Lending would continue even in severe global recession, Fed stress test finds

The test found that the bank holding companies are strongly capitalized

Lending would continue even in severe global recession, Fed stress test finds

Households and businesses can continue borrowing even during a severe global recession given the strong capitalization at the largest bank holding companies in the US, according to the results of stress tests released by the Federal Reserve Board.

The Fed’s stress test covered 35 participating firms that represent about 80% of the assets of all banks operating in the US.

"Despite a tough scenario and other factors that affected this year's test, the capital levels of the firms after the hypothetical severe global recession are higher than the actual capital levels of large banks in the years leading up to the most recent recession," Fed Vice Chairman Randal Quarles said.

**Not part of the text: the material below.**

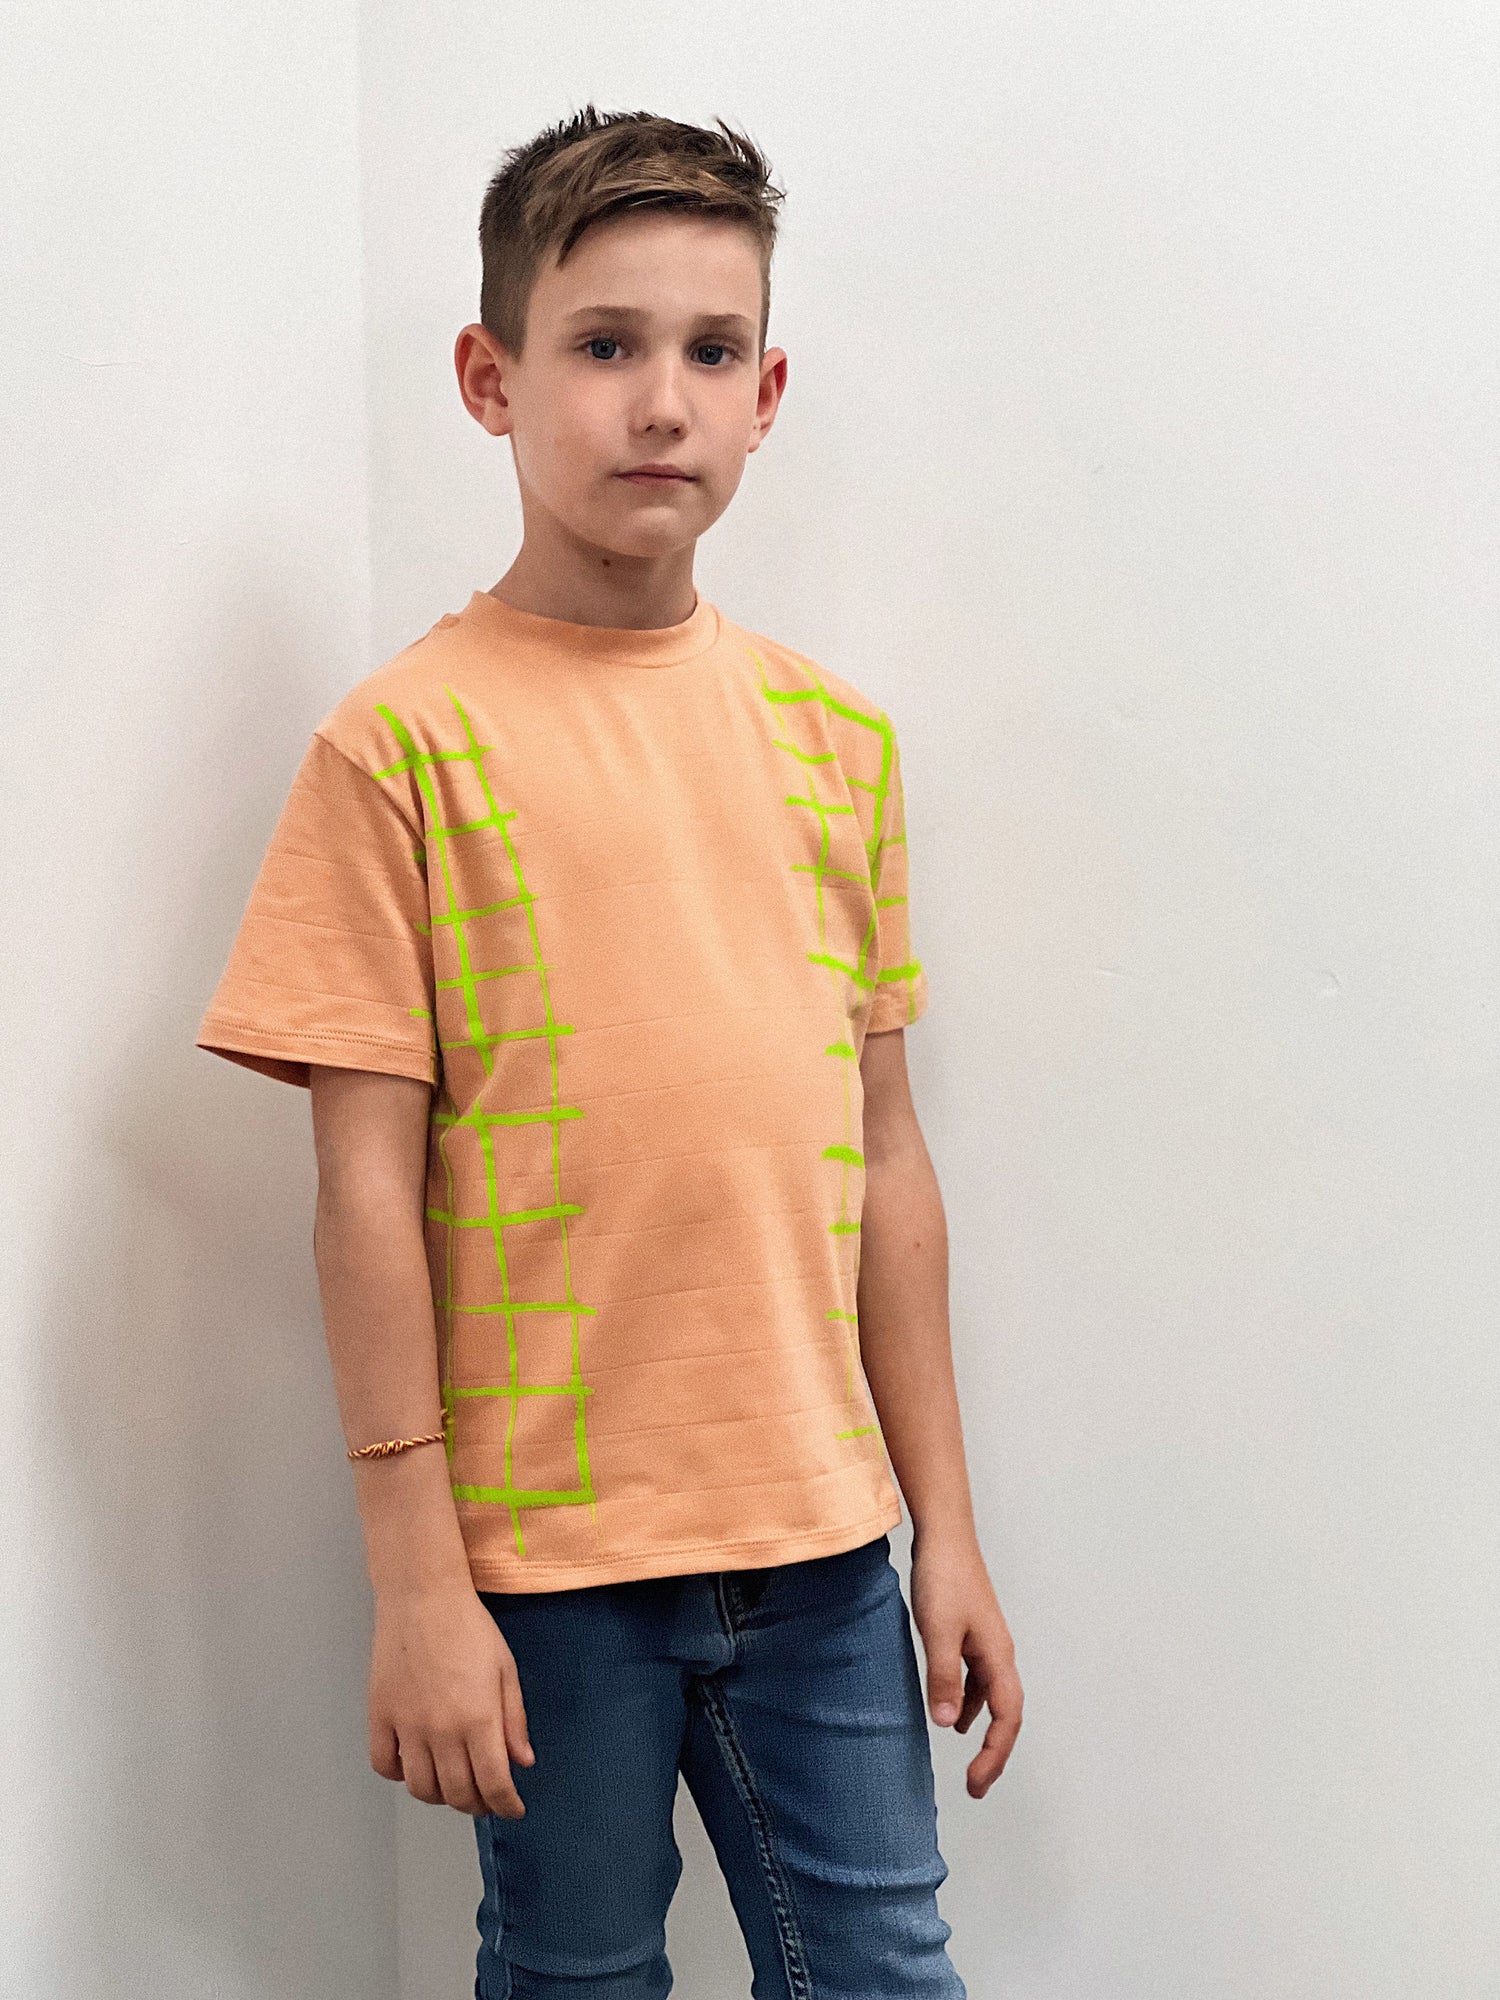 Grid orange short-sleeved children's t-shirt

Under the test’s hypothetical stress scenario, there would be a decline in the firms' aggregate common equity tier 1 capital ratio to a minimum 7.9% level from the actual 12.3% in the fourth quarter. The ratio compares high-quality capital to risk-weighted assets. The Fed found that the covered firms have added about $800 billion in common equity capital since 2009.

The Fed’s most severe scenario projected $578 billion in total losses for the participating firms during nine quarters tested. The "severely adverse" scenario features a six-percentage-point increase in the US unemployment rate to 10% and a steepening Treasury yield curve amid a severe global recession.

The Fed noted that post-stress capital ratios were affected by several factors, including generally higher credit card balances as well as recent changes to the tax code. Under a stress scenario, banks would lose a total of $113 billion in 2018 due to the level of credit card balances. Meanwhile, tax reform had lowered starting capital ratios for a number of firms due to an immediate, one-time change.